No, not for purely resistive loads --- a light globe, a heater element etc, but motors are an exception. when the voltage is lowered on the motor, under load, it will draw more current, heat up and burn out the wire windings
This is because motors present a much more complex load to the power supplycheers
Dave

 

[Okefenokee]

Undersized wires cause a voltage drop at the appliance under load. You could design a circuit that would burn up if the input voltage gets too low. One would hope that engineers do the opposite and consider what will happen to their design if the voltage drops.

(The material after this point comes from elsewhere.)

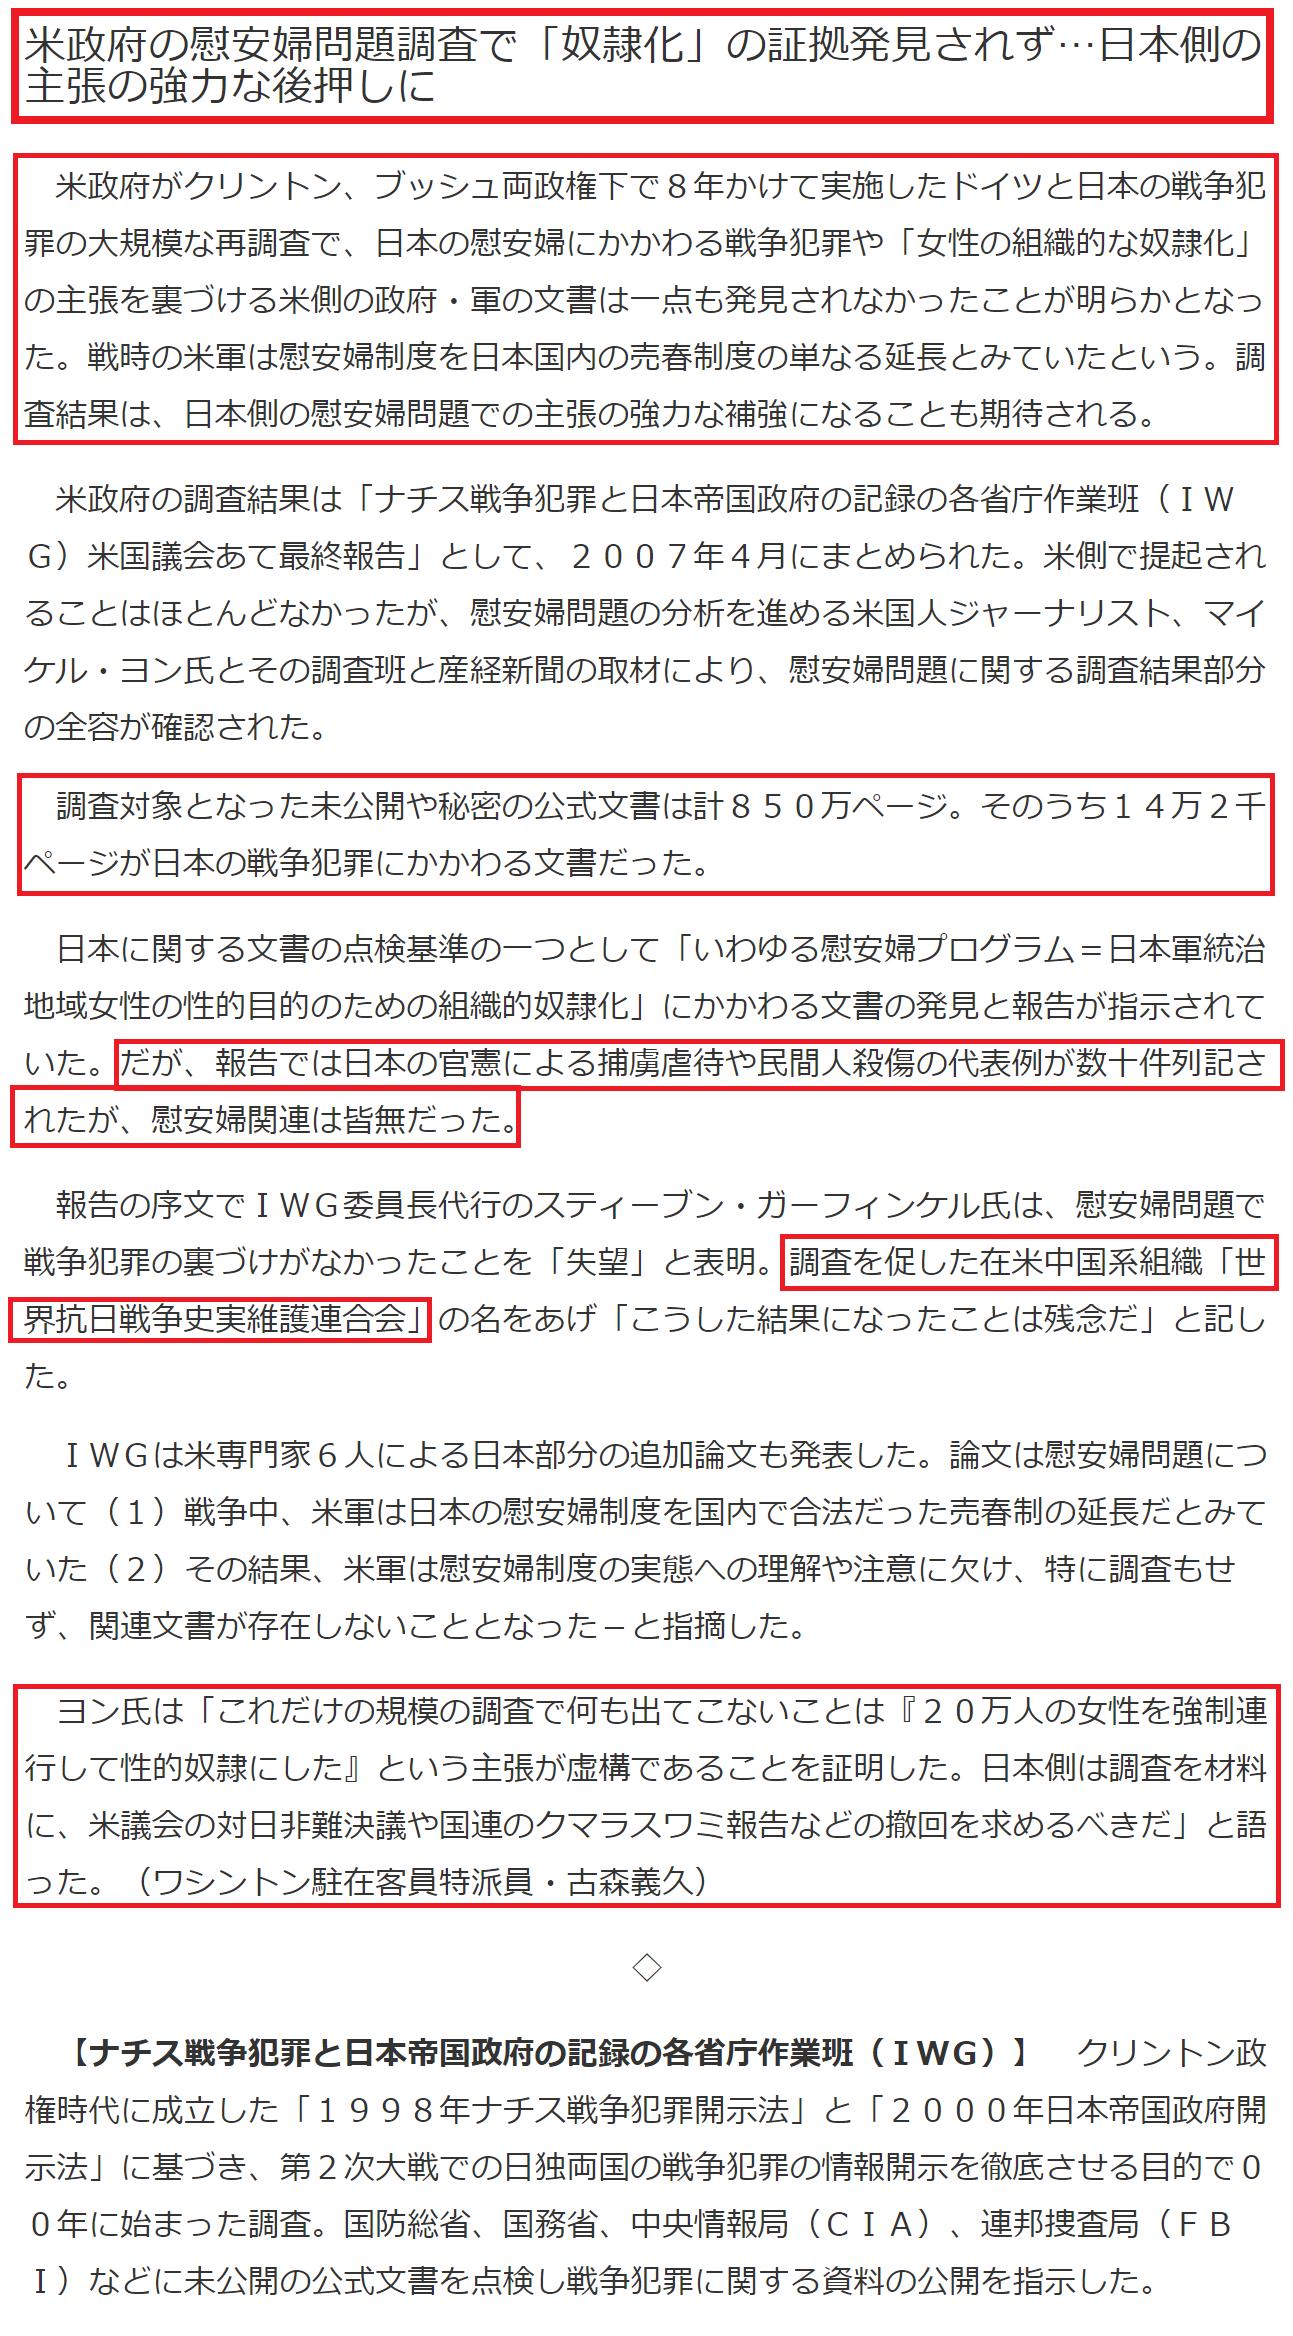 米国が30億円超かけて調査したが日本の性奴隷問題の証拠出ず2

Undersized wires are a problem unto themselves. They don't need any reason to be avoided other than the fact that they are a fire hazard.

 

[davenn]

Undersized wires cause a voltage drop at the appliance under load.

Yes that is correct, particularly where high currents are being used as with my transceiver radio gear where I'm hauling >20 amps at 13.8V.
BUT the voltage drop will not cause damage to the transmitter, it will just mean the transmitter cannot produce full power out.

As a result, I use a suitably sized conductor diameter that still is easily flexible and to keep it as short as practical

The DC power lead that comes with the radio is usually ~ 6 - 8 ft long. Most of us guys cut that down to ~ 4 ft and this can solve a up to 2V voltage drop during transmitDave

 

[jeff davis]

Thanks guys for your help. The idea is a lot more clear now. I suppose that when something is labeled 120v 400w, that is more a ratio (and a rating i am sure) than anything right? It means that when you put 120v on it you get 400w of work? So if i connected 2v to it instead, and if it even worked at all, i would only get 20/3w?

Thanks again!

 

[sophiecentaur]

Thanks guys for your help. The idea is a lot more clear now. I suppose that when something is labeled 120v 400w, that is more a ratio (and a rating i am sure) than anything right? It means that when you put 120v on it you get 400w of work? So if i connected 2v to it instead, and if it even worked at all, i would only get 20/3w?

Thanks again!

This is only correct if the device happens to be a heater (i.e. resistive and not operating at high temperature). If a motor is supplied with very low volts, it will not manage to turn at all and will, therefore produce no back emf. It will consequently take much more current than the simple formula would suggest. Likewise, for a filament lamp, the low temperature resistance may be 1/10 of the normal resistance when it is glowing. There are other devices that will take virtually no current with a low voltage supply (very high resistance).
Basically, only resistive devices follow Ohm's Law and, you should remember that Ohm's Law states the behaviour at constant temperature. Ohm's Law is, strictly, not the 'definition' of Resistance; it simply states that Resistance is constant at constant temperature (subtle difference there!).